Soluble fibre is usually soft and moist and is found in fruit (but not the skins), vegetables and pulses, oats and ground flax seeds. This type of fibre mixes with water in the gut forming a gel-like substance, helping to slow down digestion which, in turn, helps you feel fuller for longer. It also feeds your beneficial gut bacteria. Plus, the physical bulk helps you feel fuller so you may be less likely to consume excess calories.  


4.      It reduces the risk of type 2 diabetes

Research suggests that if every Australian adult added just 4–5g of fibre to their diet each day, it could help prevent 126,000 cases of type 2 diabetes and 64,000 cases of heart disease saving our economy $3.3 billion[ii].

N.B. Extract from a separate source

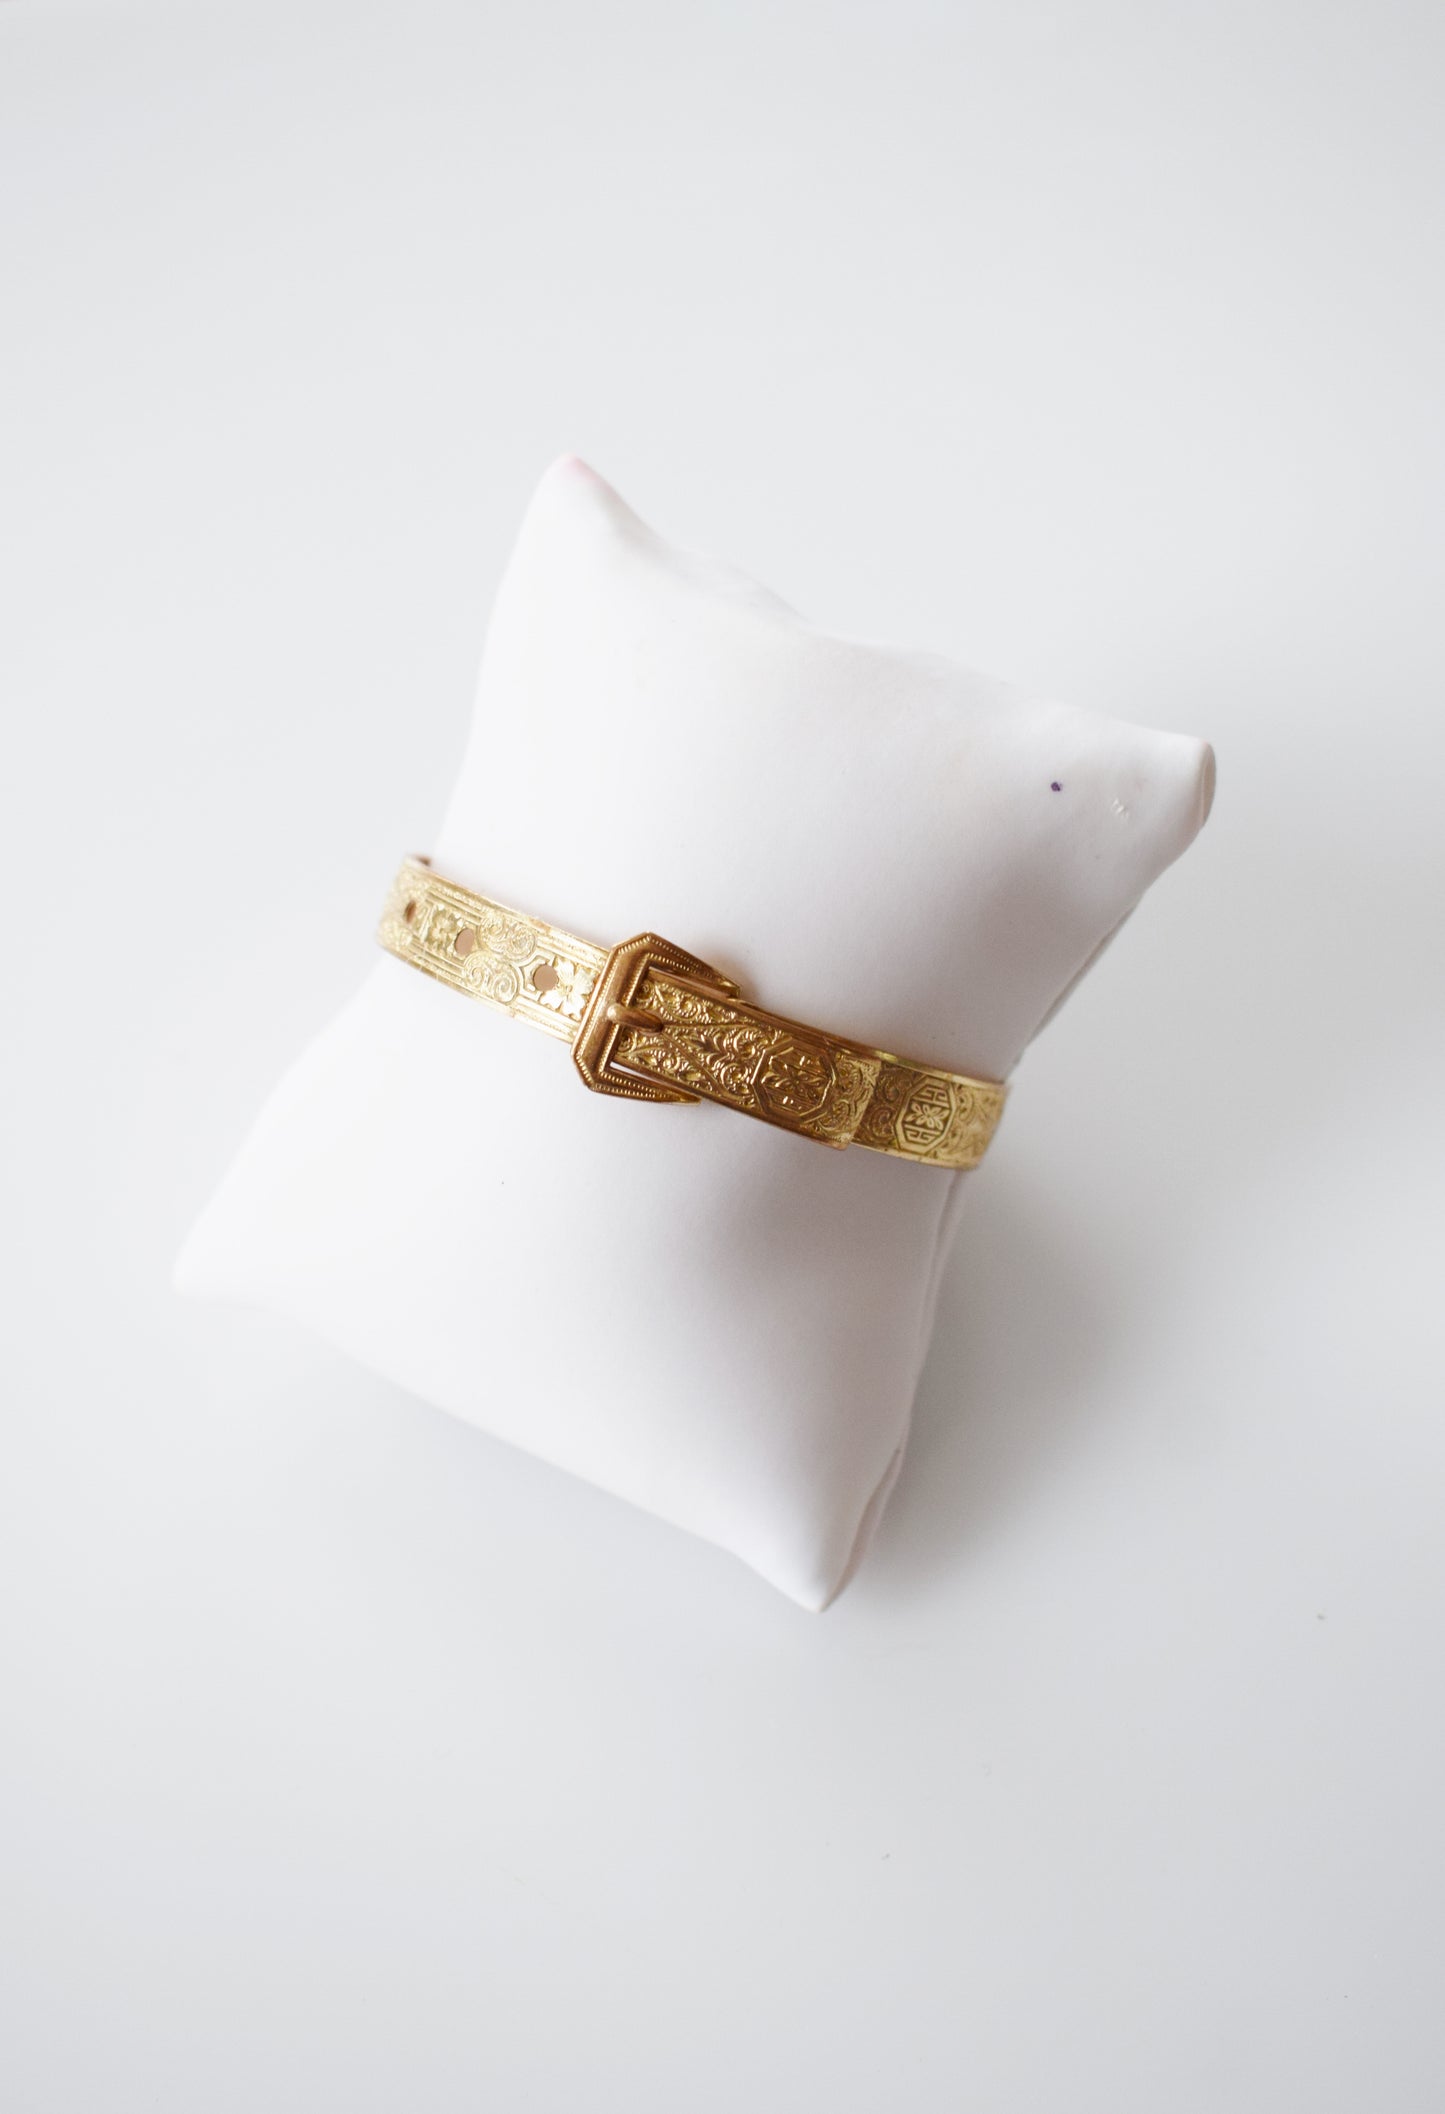 Victorian Revival Gold Buckle Bangle Bracelet

Eating a diet that is rich in fibre can help to flatten the rise in blood glucose (sugar) after eating. And, because it can help to delay the absorption of glucose from the gut and into the bloodstream, your body does not have to release as much insulin to return blood glucose levels to normal.


Again, fibre provides food for your probiotic bacteria, and good gut bacteria can play a part in weight regulation since obesity is a significant risk factor in the development of type 2 diabetes.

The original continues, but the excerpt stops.